現在、中国では、MBAコースを開設した大学は54校もあるが、各大学のMBAコースに対する市場評価には大きな格差がある。清華大学、北京大学、復旦大学および上海大学などのMBA卒業生は、比較的に人気はあるが、その他多くの大学のMBA卒業生就職状況はそれほど良くない。2001年2月と3月号の『学位と院生教育』誌が発表した国内大学MBAランキングによれば、トップ10のMBAコースは、(1)清華大学経済管理学院、(2)東北財経大学MBA教育センター、(3)南開大学国際商学院、(4)復旦大学管理学院、(5)北京大学光華管理学院、(6)アモイ大学管理学院、(7)華中科学技術大学管理学院、(8)中国人民大学工商管理学院、(9)天津大学管理学院、(10)上海交通大学安泰管理学院となっている。

中国のある調査会社が行ったMBA賃金水準調査によれば、中国のMBA取得者の年収水準は10000元から256109元の間にあり、平均年収は88655元である。また、彼らがMBA学位取得する前の平均年収は37227元である。

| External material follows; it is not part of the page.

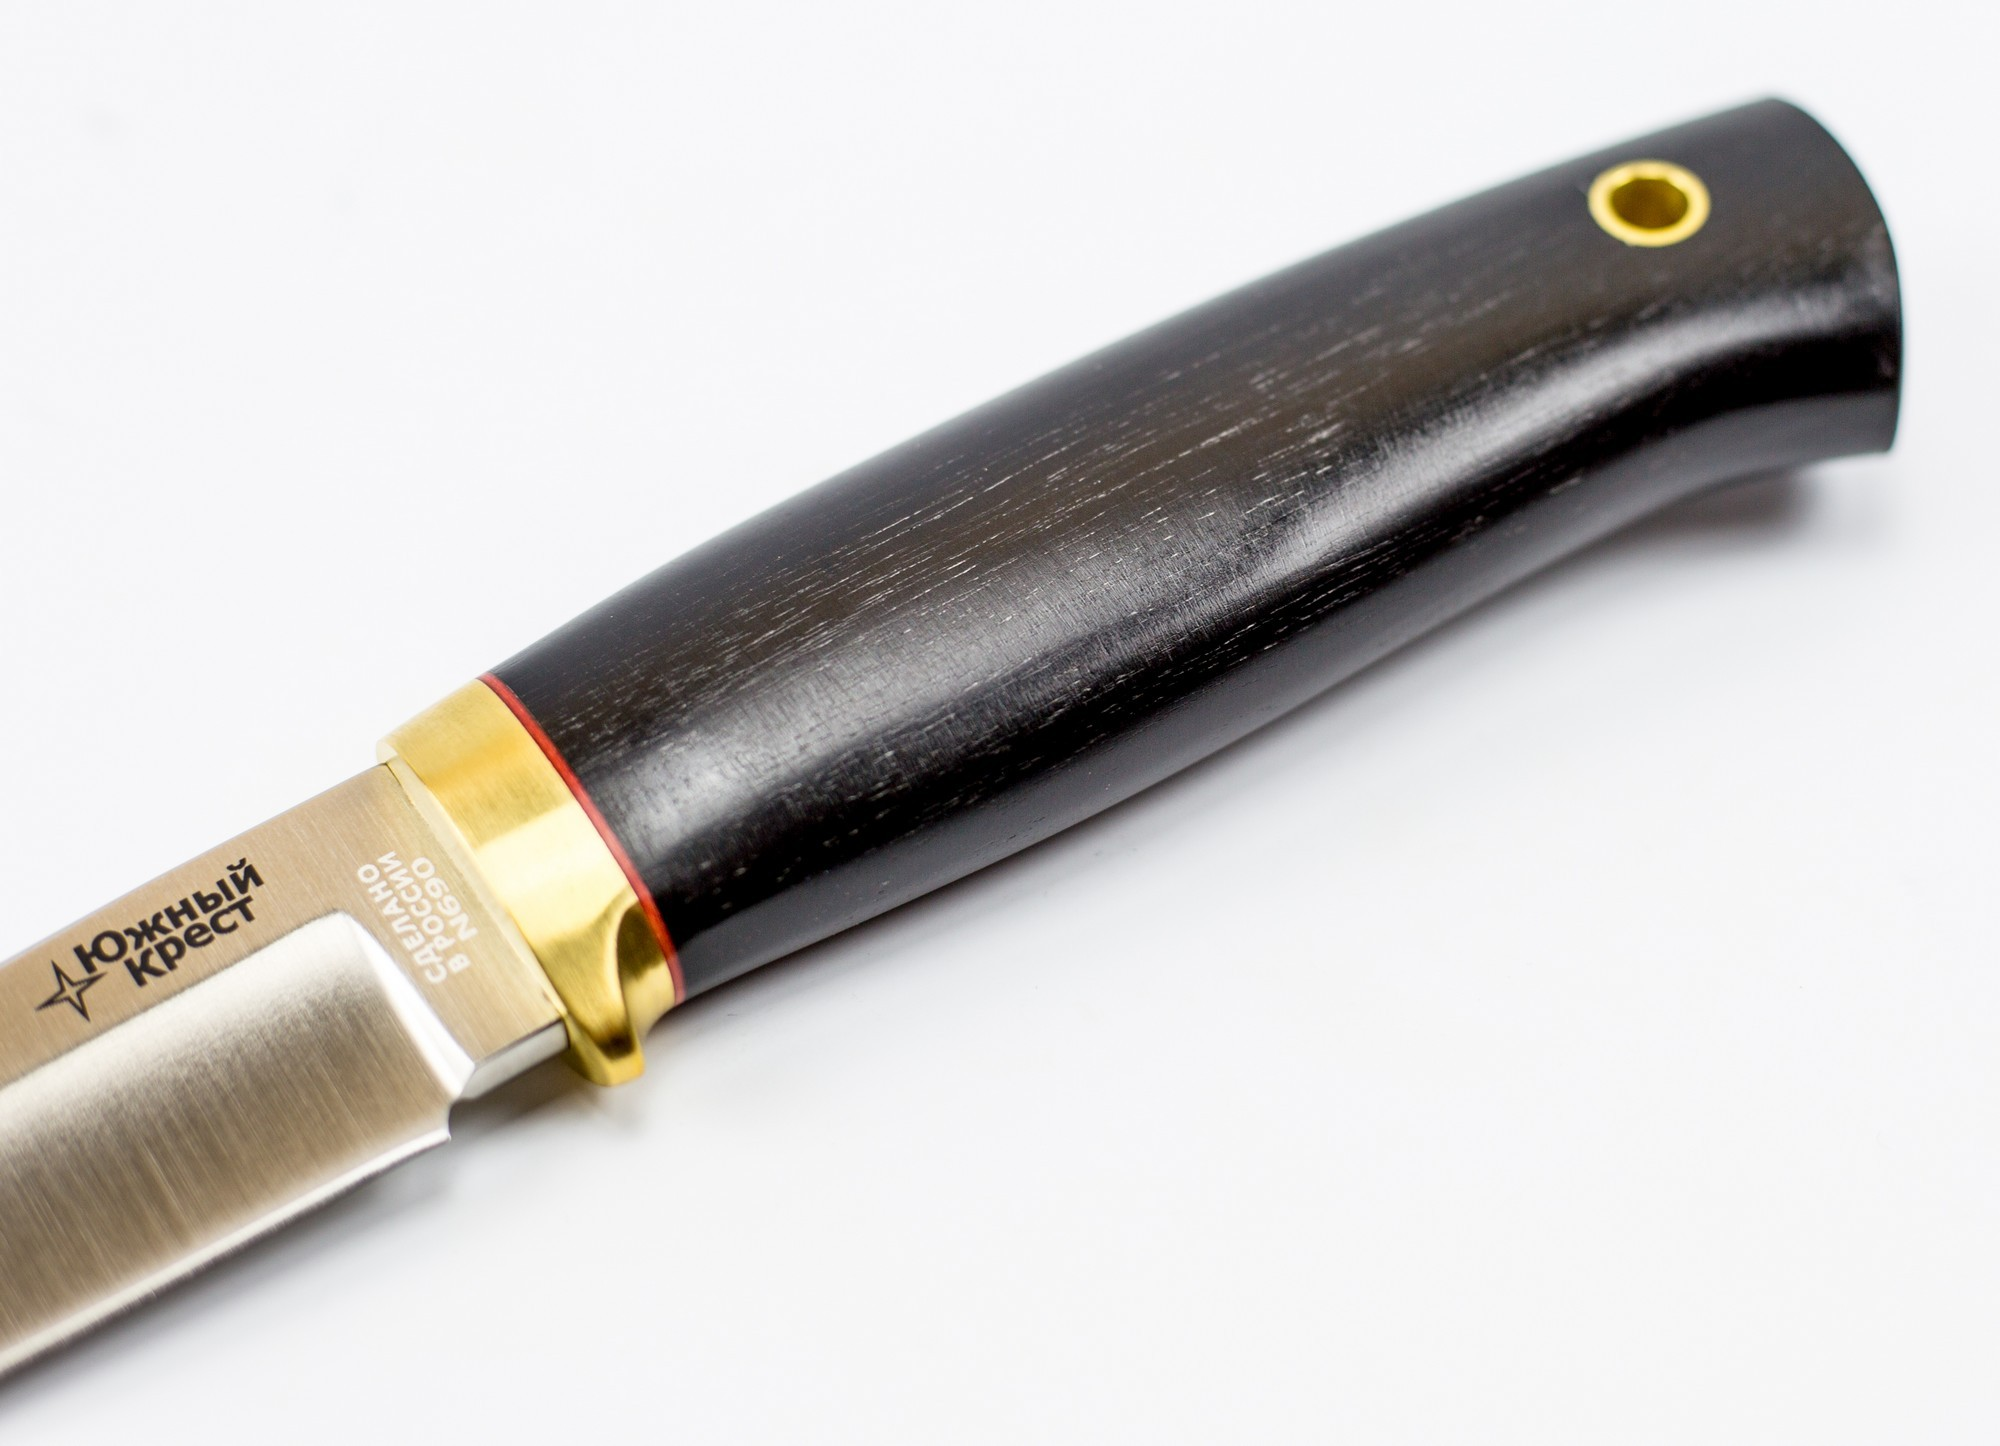 Фото 11 - Нож универсальный Боровой М, N690, Южный Крест, граб

同調査は、現在、中国MBA取得者全体の賃金水準はまだ比較的低いとみている。たとえば、2000年におけるMBA取得者の平均月収は4000元以上、5000元以下であり、平均月収を地域別にみると、香港5350元、北京3750元、上海4000元となっている。ただし、その中には、例外もあり、北京大学国際MBAコース初代卒業生のうち、卒業前にすでに年収83万元のポストの内定を獲得した者がおり、十数名の卒業生全員は、多国籍企業、大手国有企業やIT企業に採用され、平均年収は23万元にも達した。上海中欧国際工商学院の2001年卒業生も似たような状況であり、卒業生の半分は年収10万元の仕事を見つけ、管理経験のある者には年収20~30万元の仕事を見つけた者もいる。

全体的に国産MBAの賃金水準は依然として月収3000~5000元のレベルにとどまっており、欧米におけるMBA取得者の初任給とは約10倍の格差が開いている。それに比べて、海外留学を経て帰国した者や外国籍のMBA取得者は、外資系企業に採用されるケースが多く、年収も20~50万元のレベルに達している。一部欧米名門校MBA出身者でCEOを勤めている人は、年収が80~100万元にも達している。こうした欧米MBAコースと共同事業を行っている国産MBAに対する市場評価も 高く、年収は10~30万元に達している。特に優秀な人材の場合、年収50万元のケースもある。

WTO加盟後、MBA取得者の需要も大きく、中国のMBA取得者の賃金水準はさらに上昇すると思われている。